Are Tenants or Landlords Responsible for Blocked Drains?

April 21, 2021


Image Credit: Pixabay

Blockages are fairly common, and they can occur for all sorts of different reasons, from clumps of hair to problems with the main sewer line. However, when it comes to rental properties, these blockages can become much more difficult to deal with.


Landlords and tenants alike take on responsibility for maintaining a property. So, the question is: whose fault is it when a sewer pipe or drain gets blocked?


What happens with blockages in a rental property?


When a plumbing issue occurs at a rental property, specifically a sewer or drain blockage, it can be difficult to know who is to blame and, therefore, who should bear the cost. Part of the problem lies in the fact that it can be difficult to know what caused the blockage. Another issue is that the line between a landlord’s and a tenant’s responsibility can be blurry.


However, you’ll want to get the blockage sorted as quickly as possible to ensure that it doesn’t get any worse and end up costing a fortune to fix. Ideally, a plumber should be called so that the matter can be dealt with quickly and efficiently. But, who exactly will need to pay for the plumber?

What are the responsibilities of landlords and tenants?

Landlords’ Responsibilities


Landlords are legally required to provide a safe and clean property to a tenant and are in charge of ensuring that everything functions as it should during a tenant’s lease. Generally speaking, then, repairs are considered to be the landlord’s responsibility. However, this only applies to repairs that occur as a result of normal wear and tear or malfunction.


Tenants’ Responsibilities


While landlords shoulder the lion’s share of the responsibility for their property, tenants are also expected to keep their rental home in good nick. This means that they must leave the house in a similar condition to how they found it. It also means that any repairs that result from a tenant’s or their guest’s actions will need to be dealt with by the tenant.


Whose fault is a blocked sewer pipe?


In spite of the distinction between what is expected of landlords and their tenants, it still isn’t always that clear who should pay for a blocked sewer or drain pipe in a rental property. But, if fault can be established, there won’t be any need for an unpleasant back and forth.


Say, for example, that a blockage has occurred because leaves and other debris have built up in the sewer pipes. In this case, it would be the landlord’s responsibility to sort the issue, because regularly checking the pipes should be a part of their routine maintenance.


However, if the blockage is the result of hair built up in the pipes, then chances are that the tenant will be at fault. This is why it’s super important to be mindful when using showers and sinks, and also to keep outdoor pipes free of leaves and a build up of debris.


Proving Fault


A big problem that a lot of landlords run into is the fact that they can’t actually prove whose fault a blocked pipe or other breakage was. While that clump of hair in the drain could very well be the tenant’s, the tenant could easily argue that the hair built up over time. If this turns out to be the case, then it is the landlord’s responsibility to repair the pipe.

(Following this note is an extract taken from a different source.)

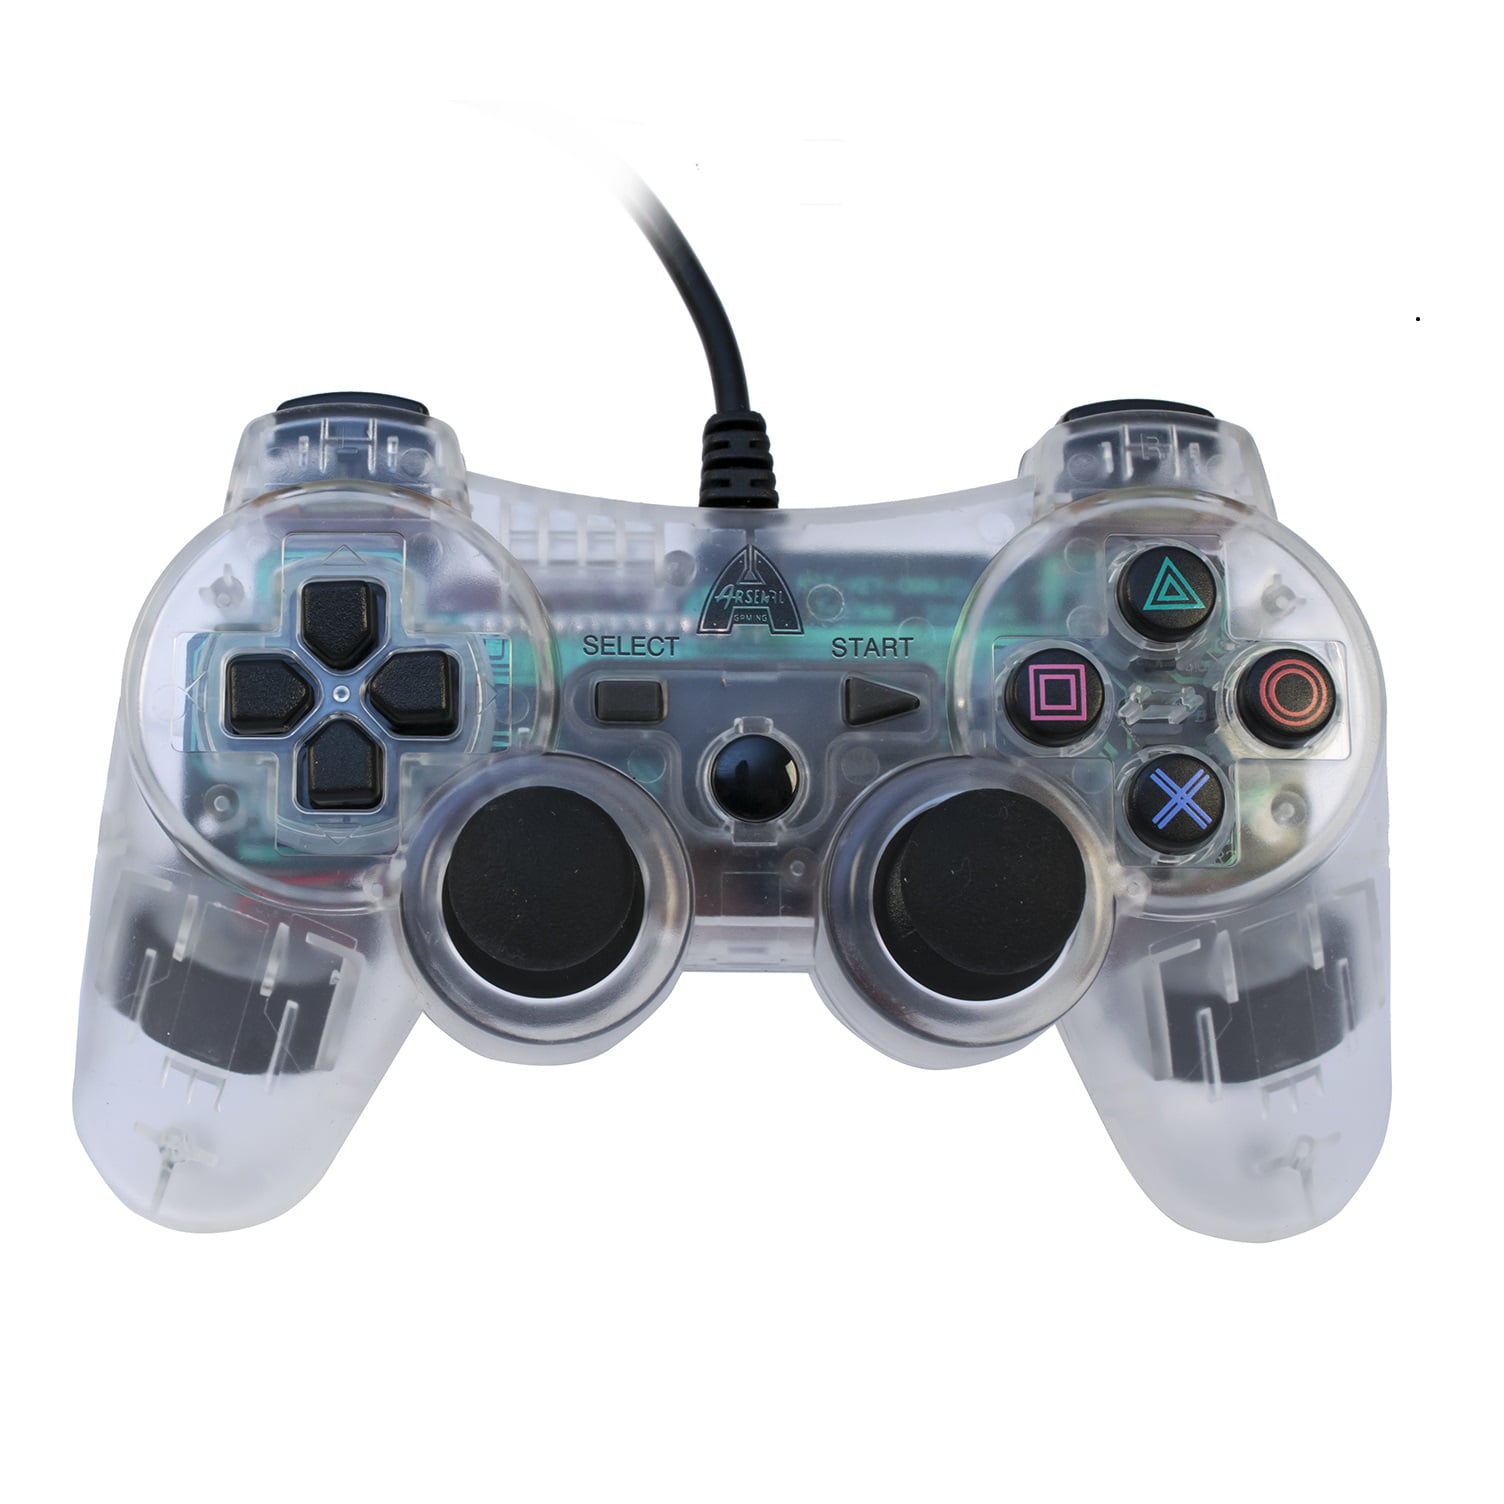 Arsenal Gaming Ps3 Wired Controller Clear With Lights Walmart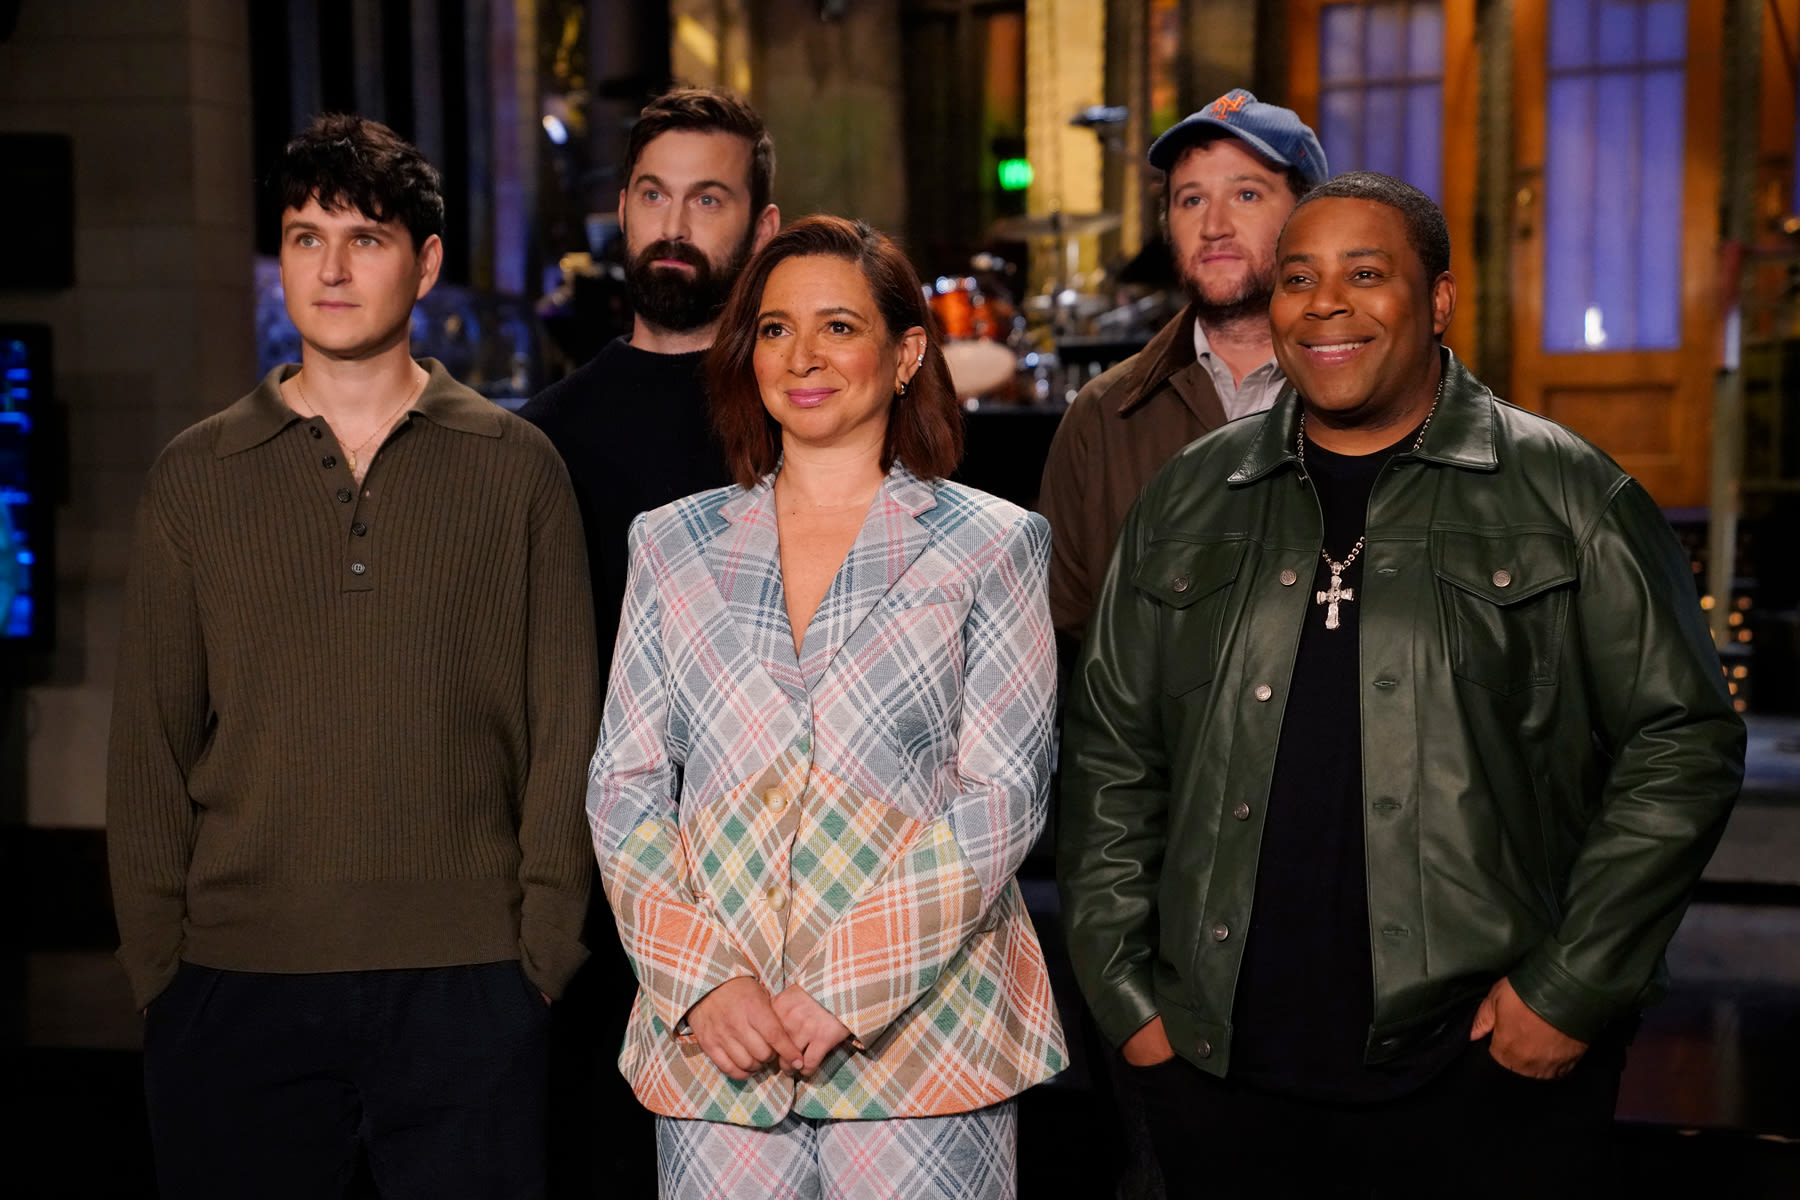 Maya Rudolph Is Hosting ‘SNL’ Tonight. This Is How to Watch the Episode Online

You see, while tenants and landlords are both expected to keep the plumbing in good condition, it is the landlord that will have to prove that a pipe was blocked solely because of the current tenant. It is also on them to carry out necessary repairs promptly, or risk defaulting on their legal obligations.


One thing landlords can do to safeguard themselves is to make their tenancy agreement watertight. For one thing, they can opt-out of fixing certain problems if they clearly exclude those problems in the lease. Or, they can include specific instructions in the agreement that outline what a tenant is expected to do to help maintain the plumbing.


What happens if fault can’t be proven?


The worst-case scenario is that a dispute over blocked sewer or drain pipes will have to be taken up by a third party. In that case, questions over what caused the damage, who bears responsibility for what, and whether fault can be proven will all be taken into account.